[Task description]: Only the lines from the one containing "new VETEMENTS AW18" through the final line below belong in the output, copied exactly and without pictures.

BEGIN Information supplied

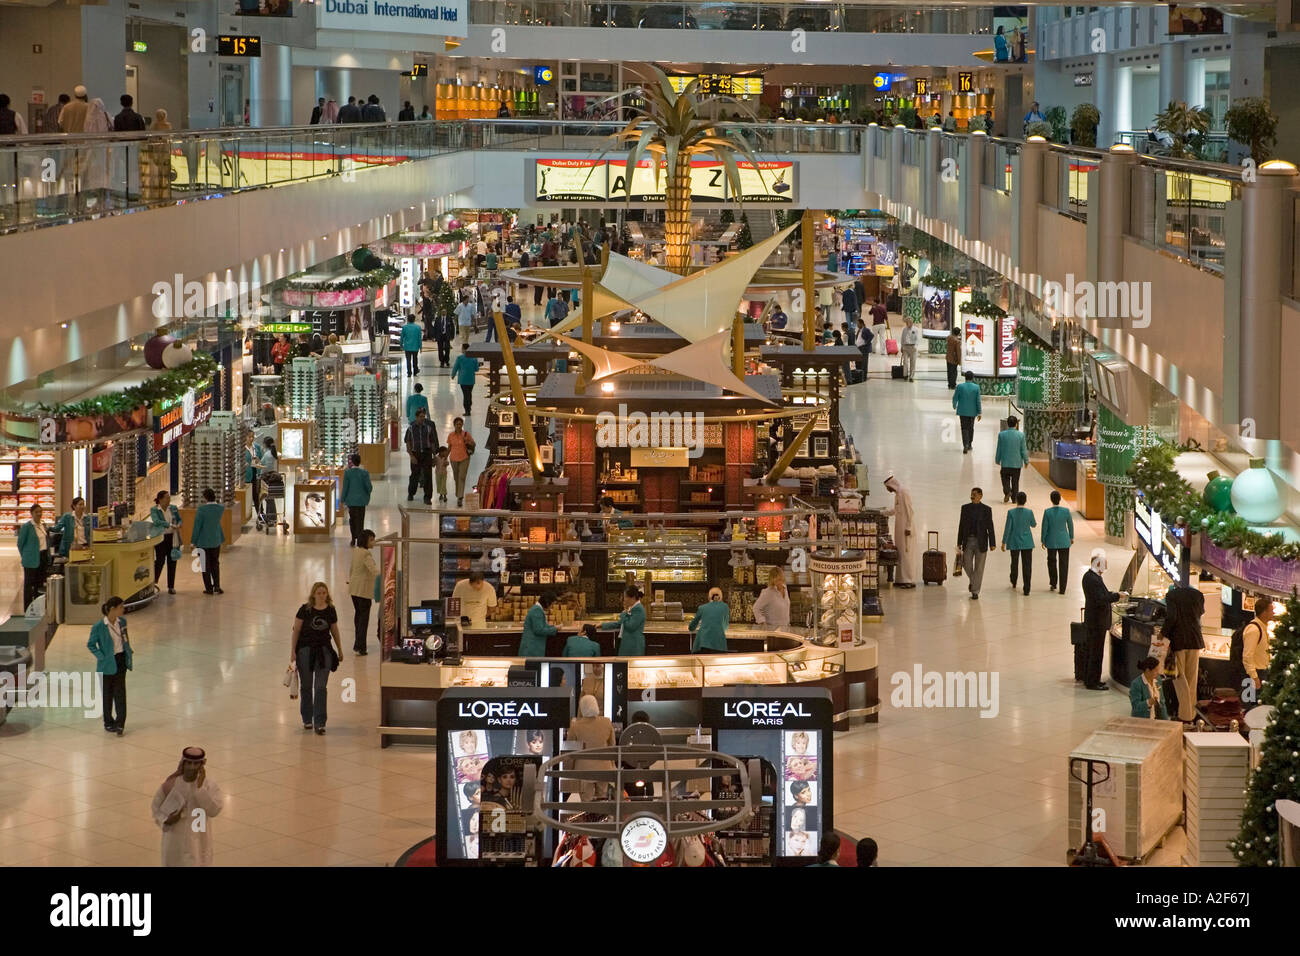 Dubai International Airport Dubai United Arab Emirates terminal duty free shopping zone Stock Photo
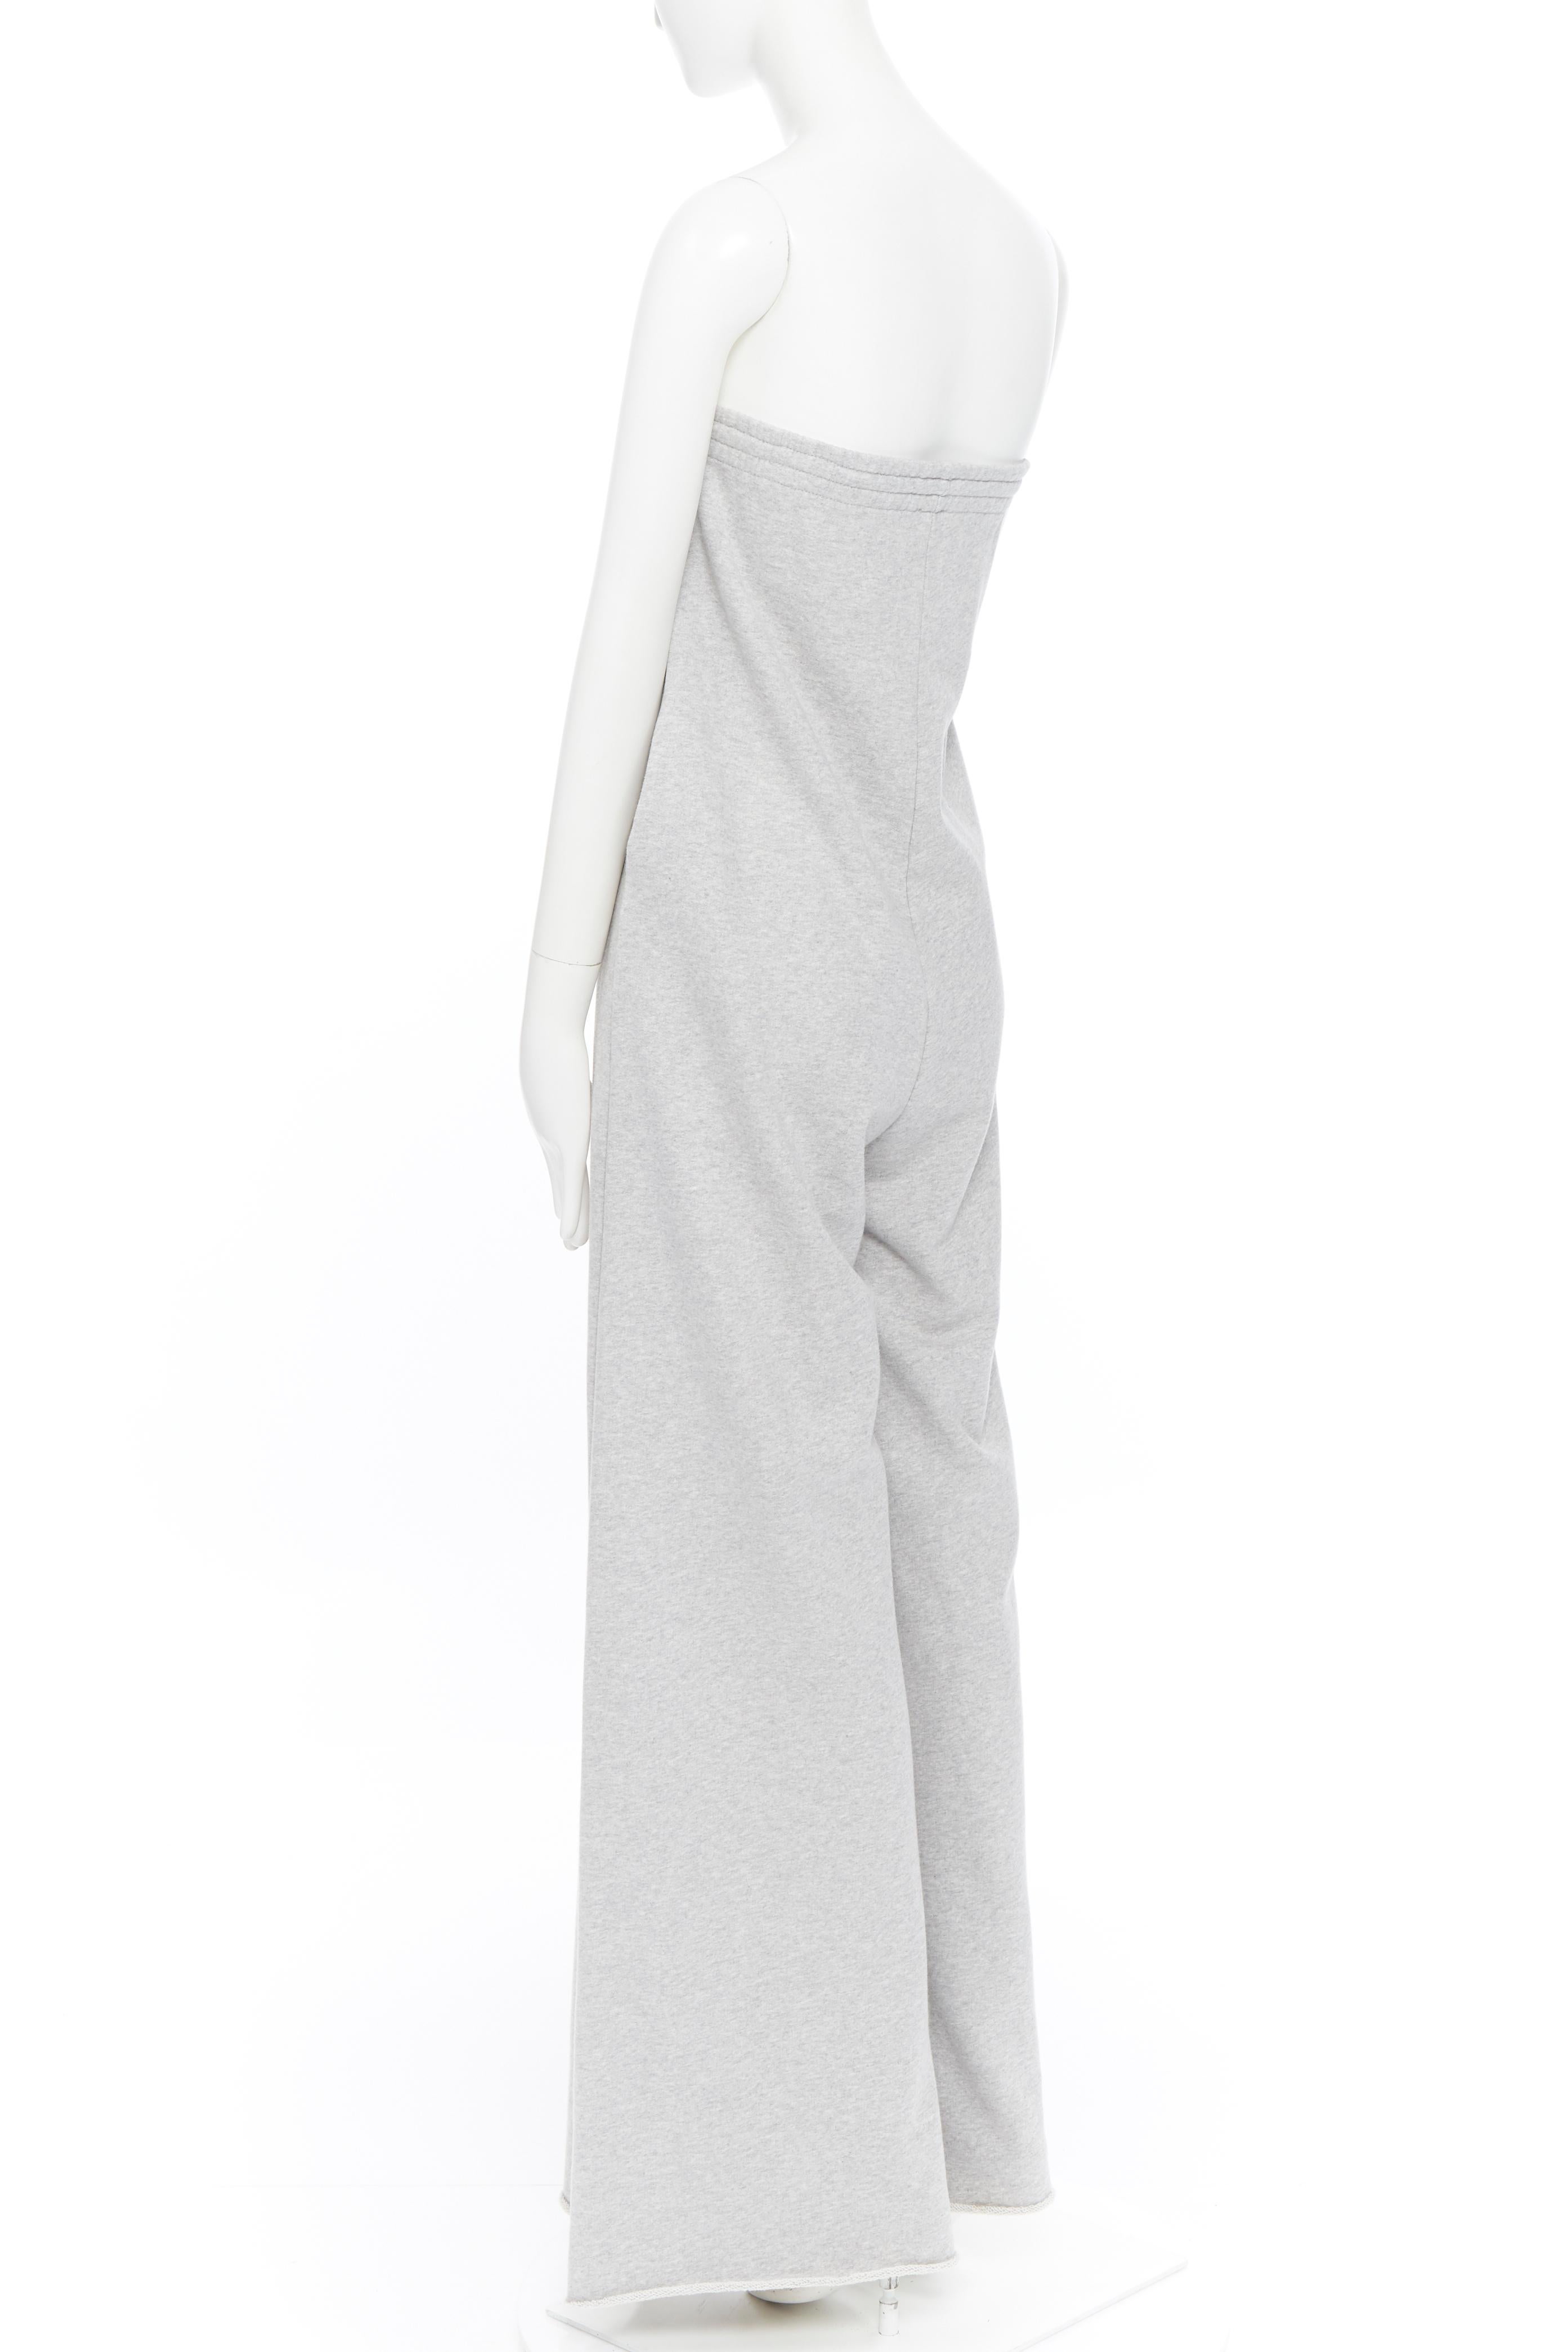 new VETEMENTS AW18 grey cotton oversized extreme wide leg sweatpants jumpsuit S 1
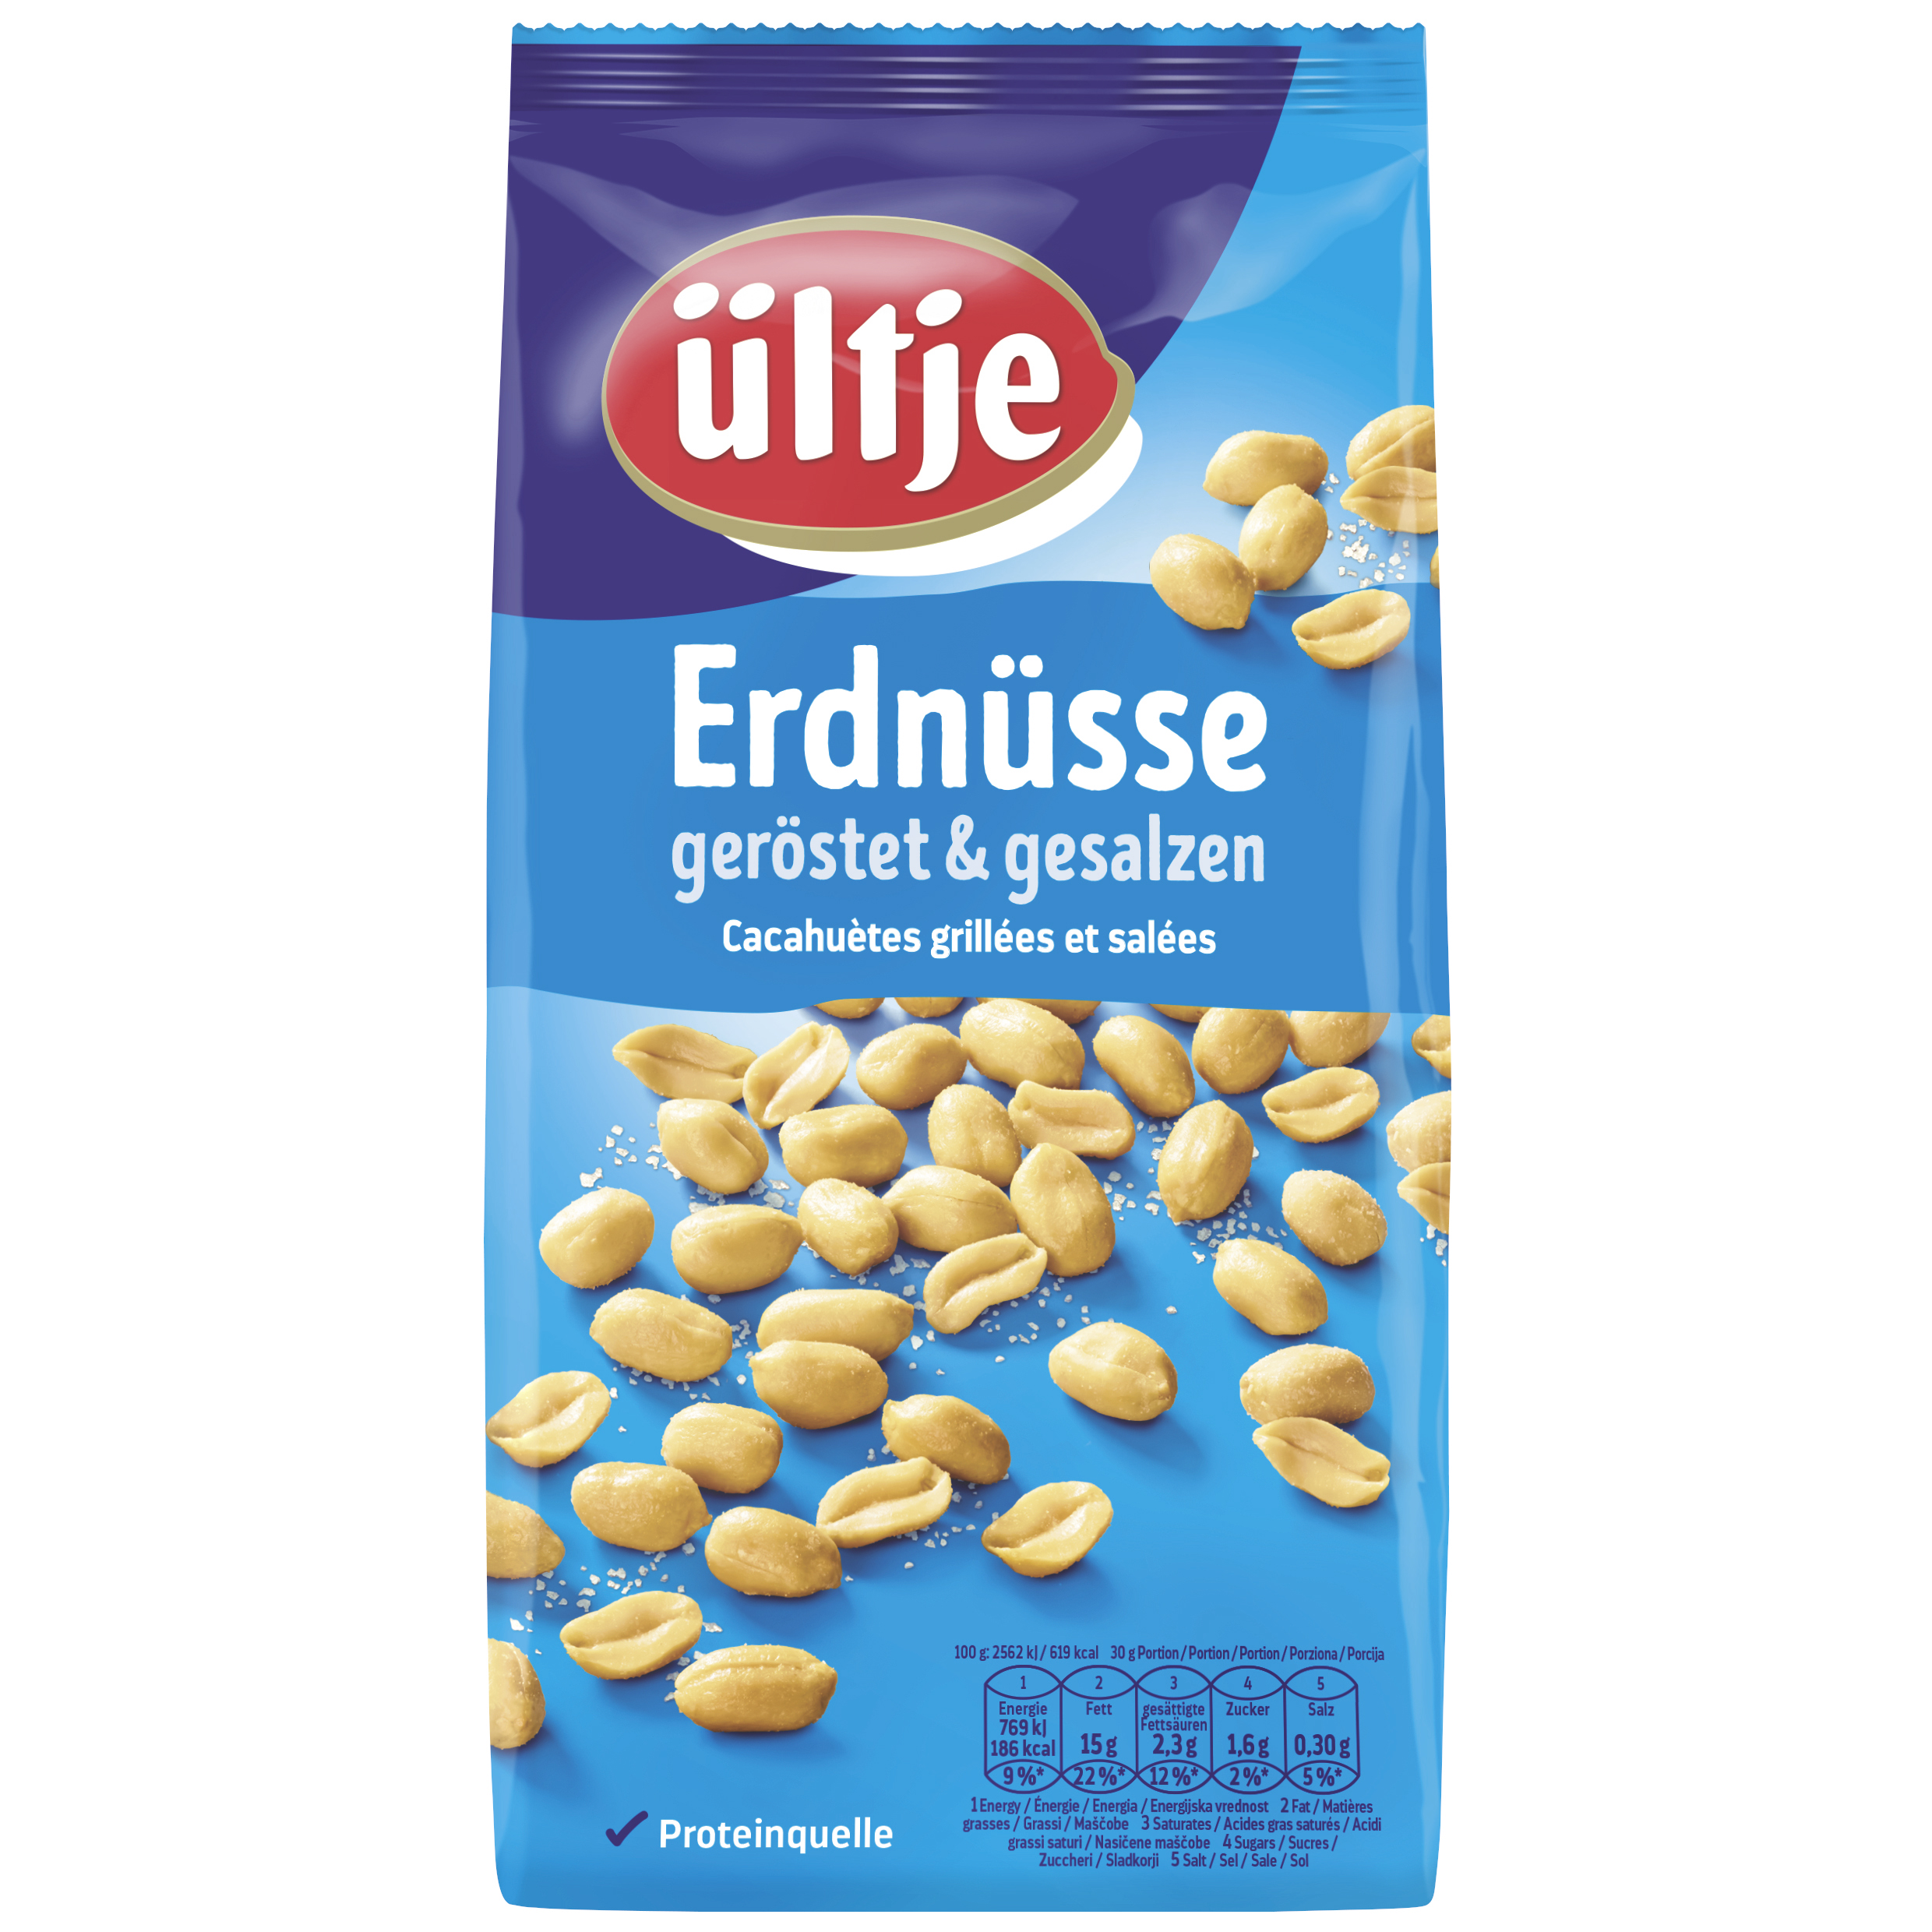 ültje Erdnüsse, geröstet & gesalzen, 1000g Beutel

END Information supplied

[Problem solution]:
 new VETEMENTS AW18 grey cotton oversized extreme wide leg sweatpants jumpsuit S 1
 ültje Erdnüsse, geröstet & gesalzen, 1000g Beutel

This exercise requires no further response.